At a rate of $3,000/MHz per month for a prime video neighborhood, this niche HD-channel uplink costs the broadcaster $12,900 each month.

If the broadcaster were to replace the satellite channel uplink by CDN distribution, it would need to replace ten satellite IRDs by HLS (HTTP Live Streaming) IRDs and relied instead on a terrestrial CDN player with POPs nearby the last-mile distributors. NSR conducted an HLS-CDN distribution cost analysis assuming Amazon Web Services’ end-to-end pricing structure (publicly shared) for distributing a live video stream. Such analysis resulted in a monthly OPEX of around $2,000 per month for ten distributors (CDN egress points).

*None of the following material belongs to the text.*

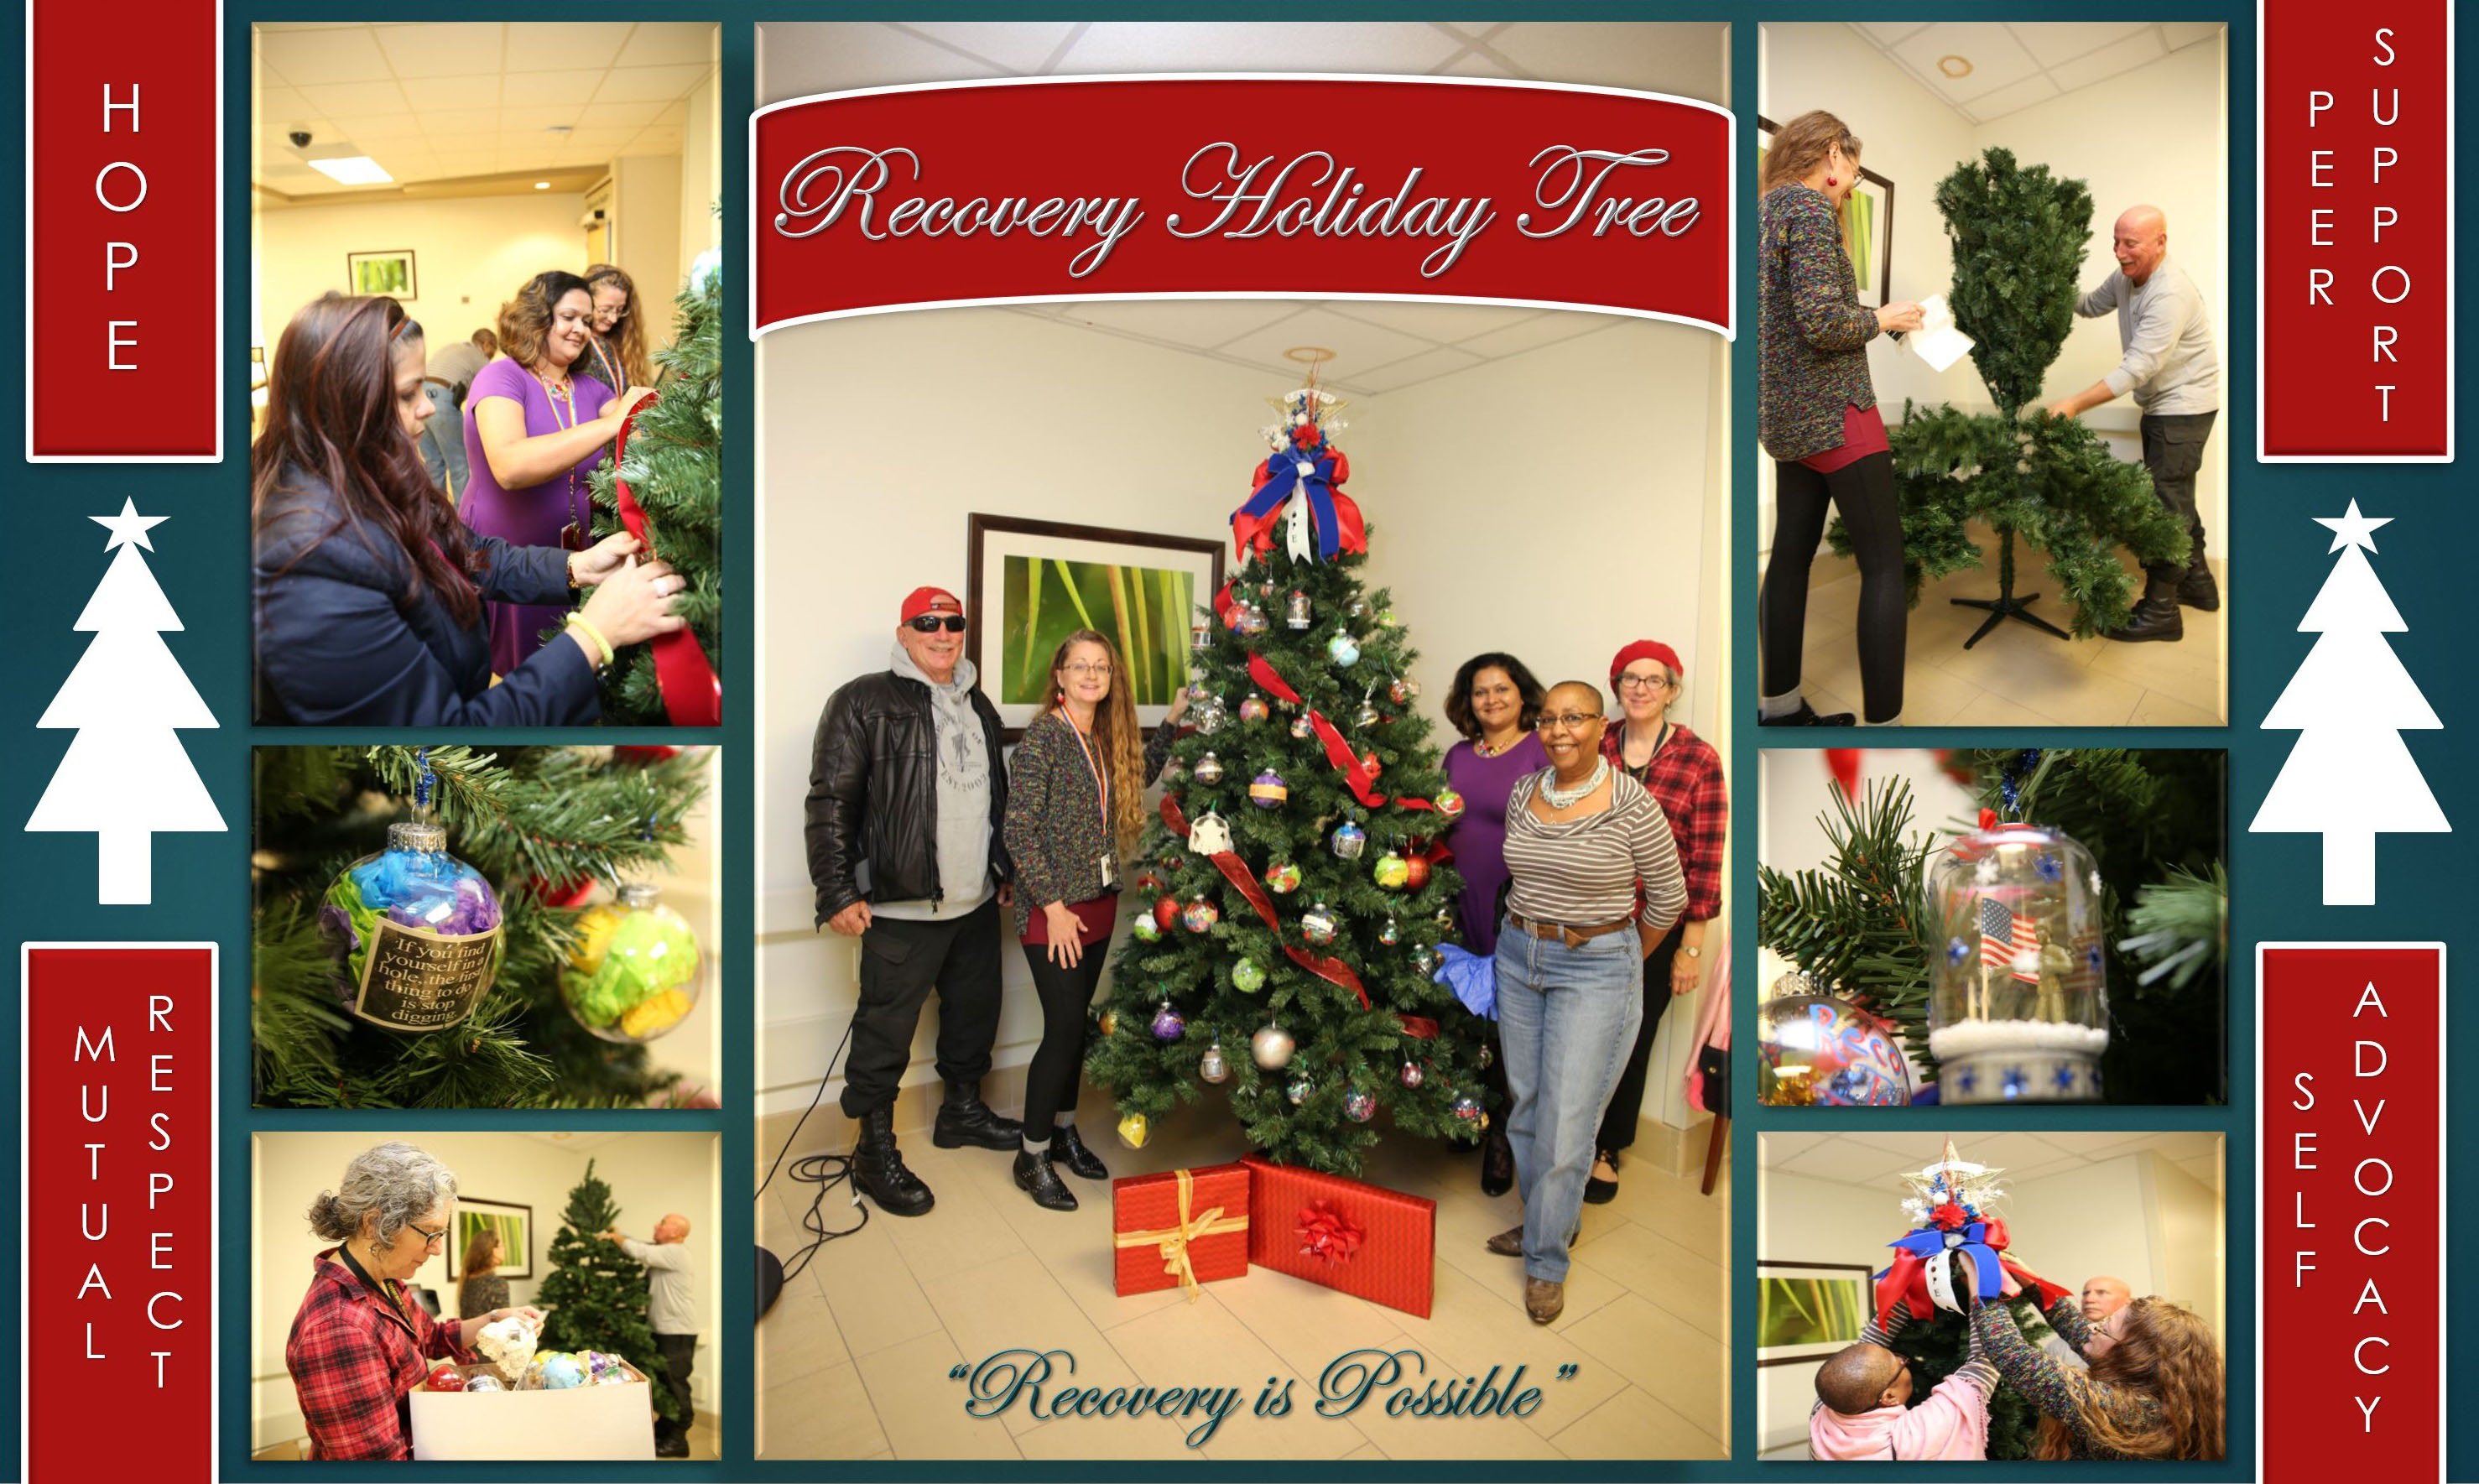 Photo collage of VA Texas Valley Coastal Bend Health Care System (VCB) employees and Veterans participating in the Recovery Holiday Tree Project at the VA Health Care Center at Harlingen, Texas, on December 11, 2018. (U.S. Department of Veterans Affairs photos and photo collage by Luis H. Loza Gutierrez)
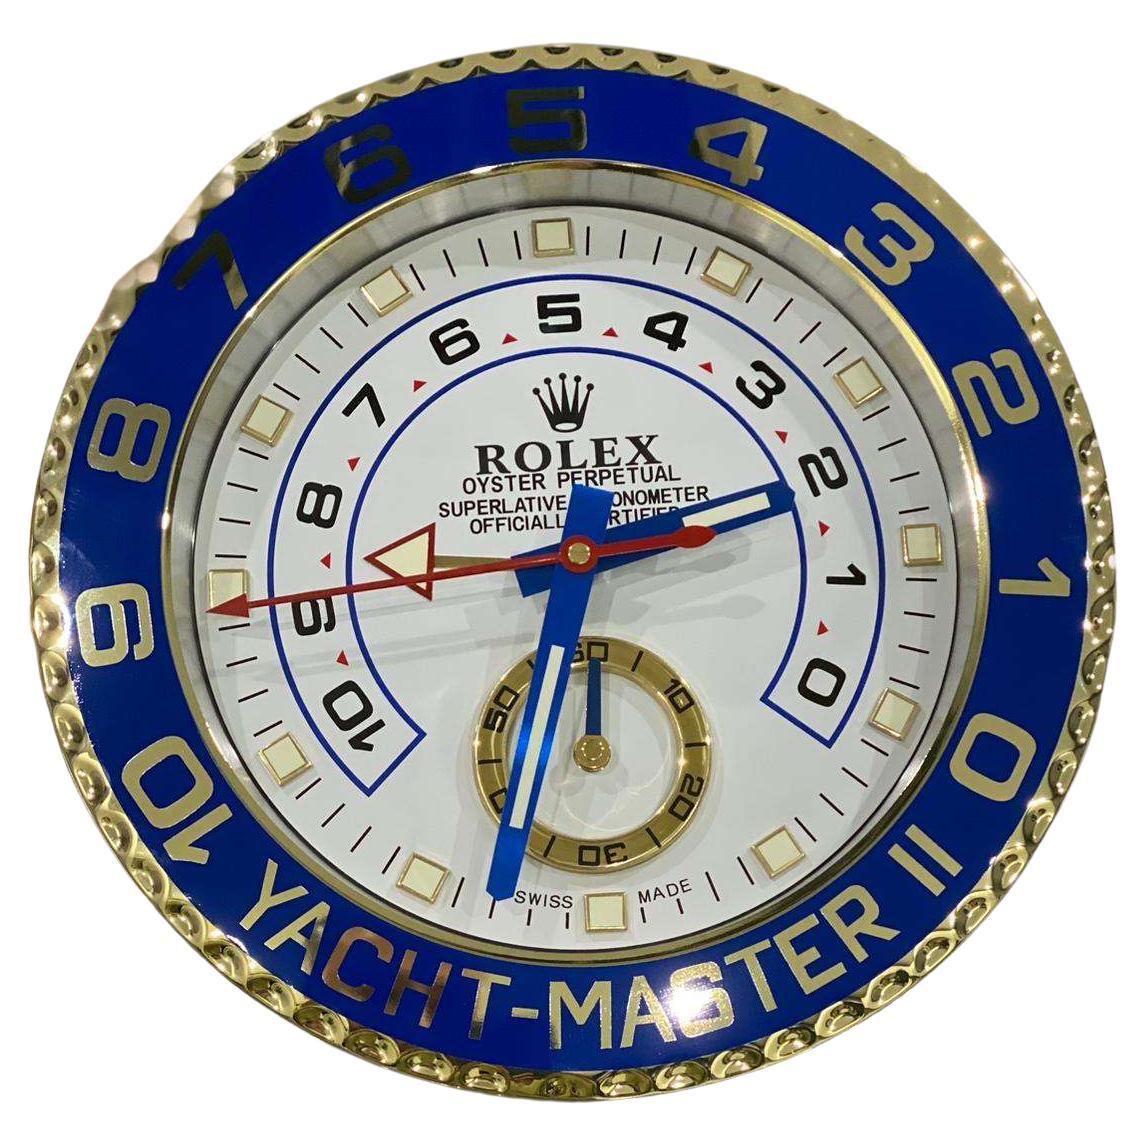 ROLEX Officially Certified Chrome Gold and Blue Yacht Master II Wall Clock For Sale

  • Cost structure assumes AWS Elemental MediaLive, AWS Elemental MediaPackage, and Amazon CloudFront CDN distribution costs. Analysis assumes US East (N. Virginia) pricing. While this generally represents the lowest price points as pricing can be higher for other regions and POPs/server locations, Amazon (and any other CDN provider including Lumen, Akamai, etc.) can offer volume discounts during negotiations. Comparison assumes that the video stream to AWS is a 1080p HD feed encoded at a bitrate of 15 Mbps using the AVC codec. Such contribution feed is then ABR-encoded (Adaptive Bitrate) for HLS/CDN distribution, assuming selectable Apple-recommended TN2224 HLS parameters.

The result of this sample-case analysis shows that cloud-based CDN distribution can become less expensive than satellite when received by tens of distributors. For 10 distributors savings are approx. $11,000 per month. Considering a one-time migration cost of $2,000 per replaced IRD (HLS IRDs cost less but one-time costs considers logistics, manpower, etc.), this sample case leads to an almost immediate payback cycle of less than 2 months.

Bottom Line

Pricing index and projections for video distribution and DTH in NSR’s SCPI7 report showcase continuous price pressures across regions, including prime video hot spots. Coupling this with what appears to be irreversible, continuous erosion in video revenues for operators highlights a platform lifecycle growth problem for satellites’ most successful and long-lasting application. It is not a doomsday scenario for satellite TV distribution, but content fragmentation and multi-sided cloud platforms will continue to eat into the business as it becomes harder to achieve the tipping point of critical mass to drive one-sided network effects in video neighborhoods.